BPMN Data Model for Multi-Perspective Process Mining on Blockchain


Ekici B., ERDOĞAN T., KOLUKISA TARHAN A.

INTERNATIONAL JOURNAL OF SOFTWARE ENGINEERING AND KNOWLEDGE ENGINEERING, cilt.32, sa.02, ss.317-345, 2022 (SCI-Expanded) identifier identifier

  • Yayın Türü: Makale / Tam Makale
  • Cilt numarası: 32 Sayı: 02
  • Basım Tarihi: 2022
  • Doi Numarası: 10.1142/s0218194022500115
  • Dergi Adı: INTERNATIONAL JOURNAL OF SOFTWARE ENGINEERING AND KNOWLEDGE ENGINEERING
  • Derginin Tarandığı İndeksler: Science Citation Index Expanded (SCI-EXPANDED), Scopus, Aerospace Database, Applied Science & Technology Source, Business Source Elite, Business Source Premier, Communication Abstracts, Computer & Applied Sciences, INSPEC, Metadex, Civil Engineering Abstracts
  • Sayfa Sayıları: ss.317-345
  • Anahtar Kelimeler: Process mining, blockchain, BPMN, business process, methodologies and tools
  • Hacettepe Üniversitesi Adresli: Evet

Özet

Process mining mainly focuses on discovering control flow models, conformance checking and analyzing bottlenecks.
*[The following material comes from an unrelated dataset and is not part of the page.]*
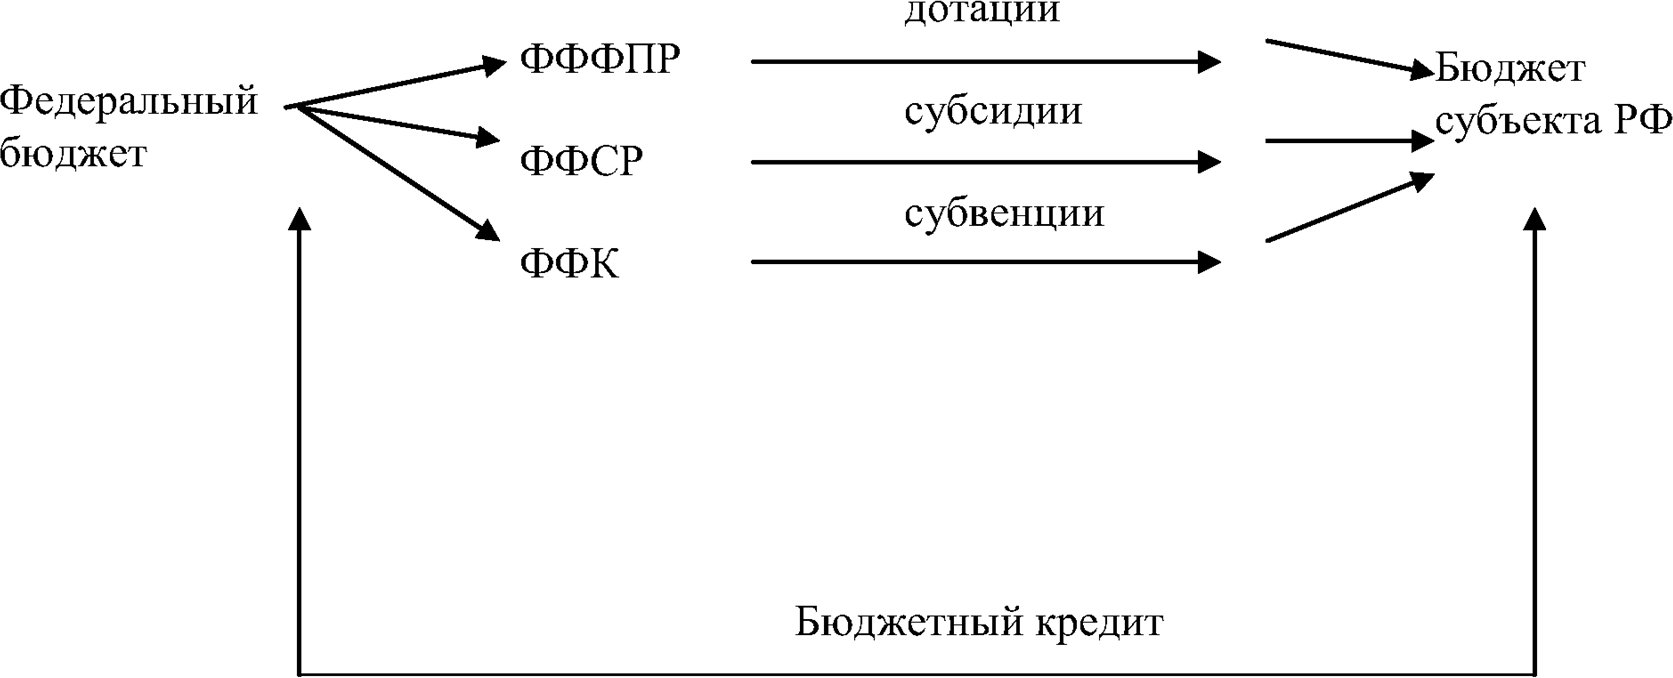 Межбюджетные трансферты: «Федеральный бюджет-бюджеты субъектов РФ»

It extends the scope by looking at the other perspectives like time, data and resources by connecting events in the event logs to this process model. These perspectives are not isolated and are all related to each other. For each perspective, there is a different technique, which is dedicated to the relevant perspective, applied and these techniques may need to consume the results of one another in a sequence of process mining analyses. As a result, a holistic process model is created by attaching and binding related attributes of the event logs to the backbone (control flow) of the model. Therefore, representing the holistic model and keeping what is produced from each perspective in a secure and immutable way while applying the multiple perspectives become important. In this study, a BPMN-extended Data Model is proposed to put together the models from the multi-perspective process mining and a tool is developed to keep this data model as an asset into a private blockchain developed by using Hyperledger Fabric. The practical relevance and validity of the approach are shown in the case studies that use real-life data from two different domains.